OneAPI KdTree is similar to pcl::KdTreeFLANN, except OneAPI KdTree can search the entire point cloud in a single call, while pcl::KdTreeFLANN performs a search for one point at a time. The OneAPI version returns a two-dimensional vector of indices and distances for the entire point cloud search or single dimensional vector of indices, distances, splits for entire point cloud search. Both nearestKSearch and radiusSearch are supported.

OneAPI includes an additional higher-performance fixed-radius search, which performs a radius search from a hash table. Unlike pcl::KdTreeFLANN’s radius search, which supports searching with different radius values once a KdTree has been built, the fixed-radius search requires specifying a radius to build the hash table. The hash table can only search for a fixed radius. The time required to build a fixed-radius hash table is much shorter than that of FLANN KdTree. Another difference is that only FLANN KdTree supports returning K elements from radius search, while fixed-radius search always returns all elements.
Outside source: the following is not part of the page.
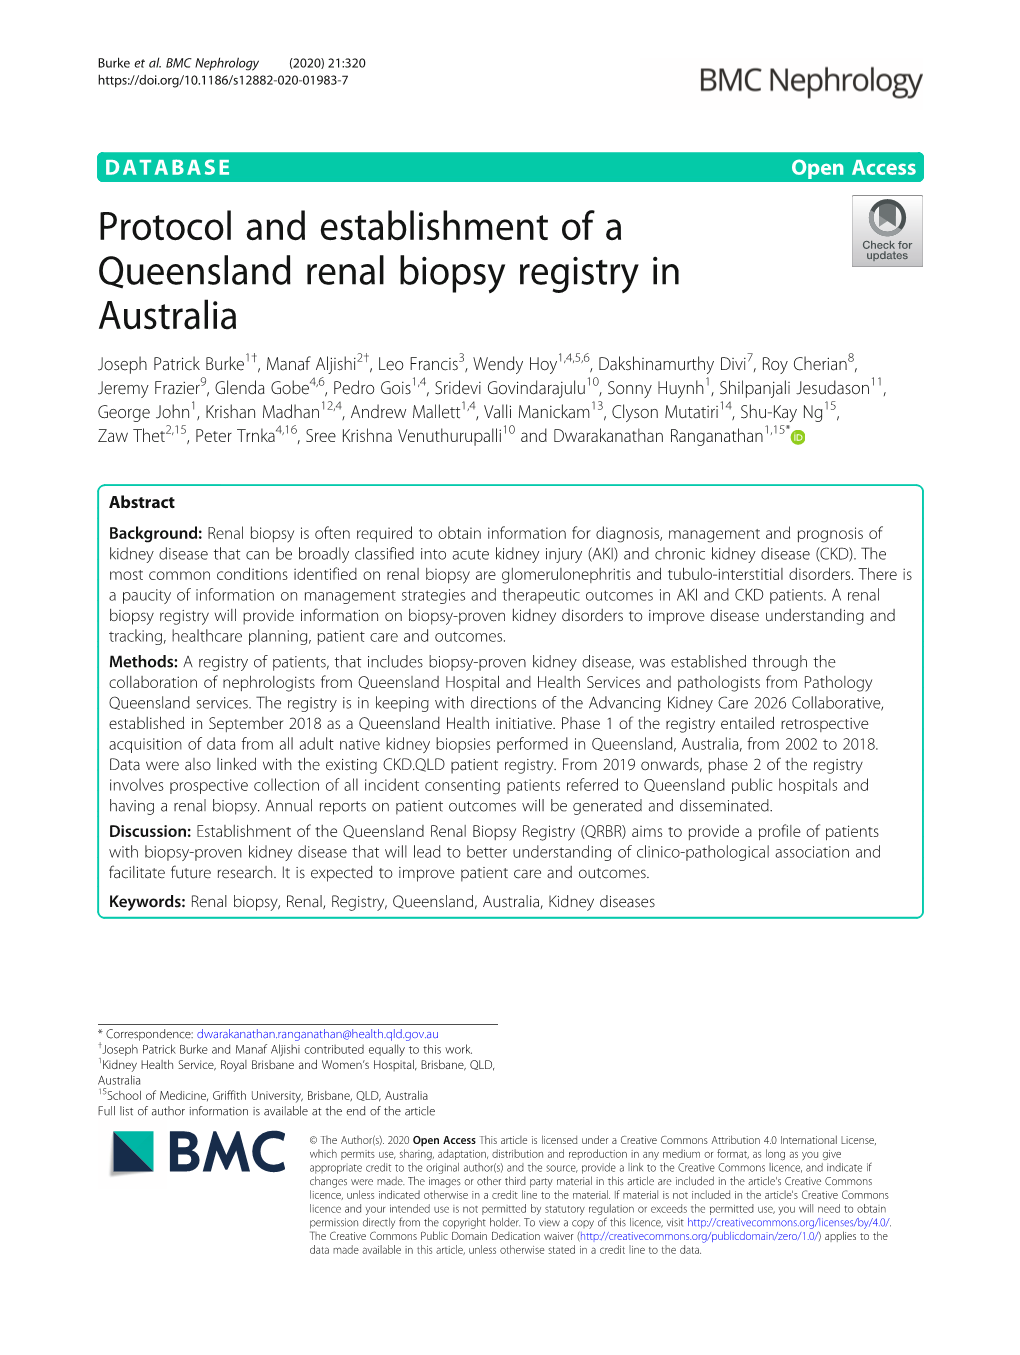 Protocol and Establishment of a Queensland Renal Biopsy Registry In

For the same radius value, the results of both FLANN and fixed-radius search should match.

This document will not describe KdTree in detail, and please refer to original kdtree_search for more detail KdTree.

Note

This tutorial can be run both inside and outside a Docker* image. We assume that the pcl-oneapi-tutorial Deb package has been installed, and the user has copied the tutorial directory from /opt/intel/pcl/oneapi/tutorials/ to a user-writable directory.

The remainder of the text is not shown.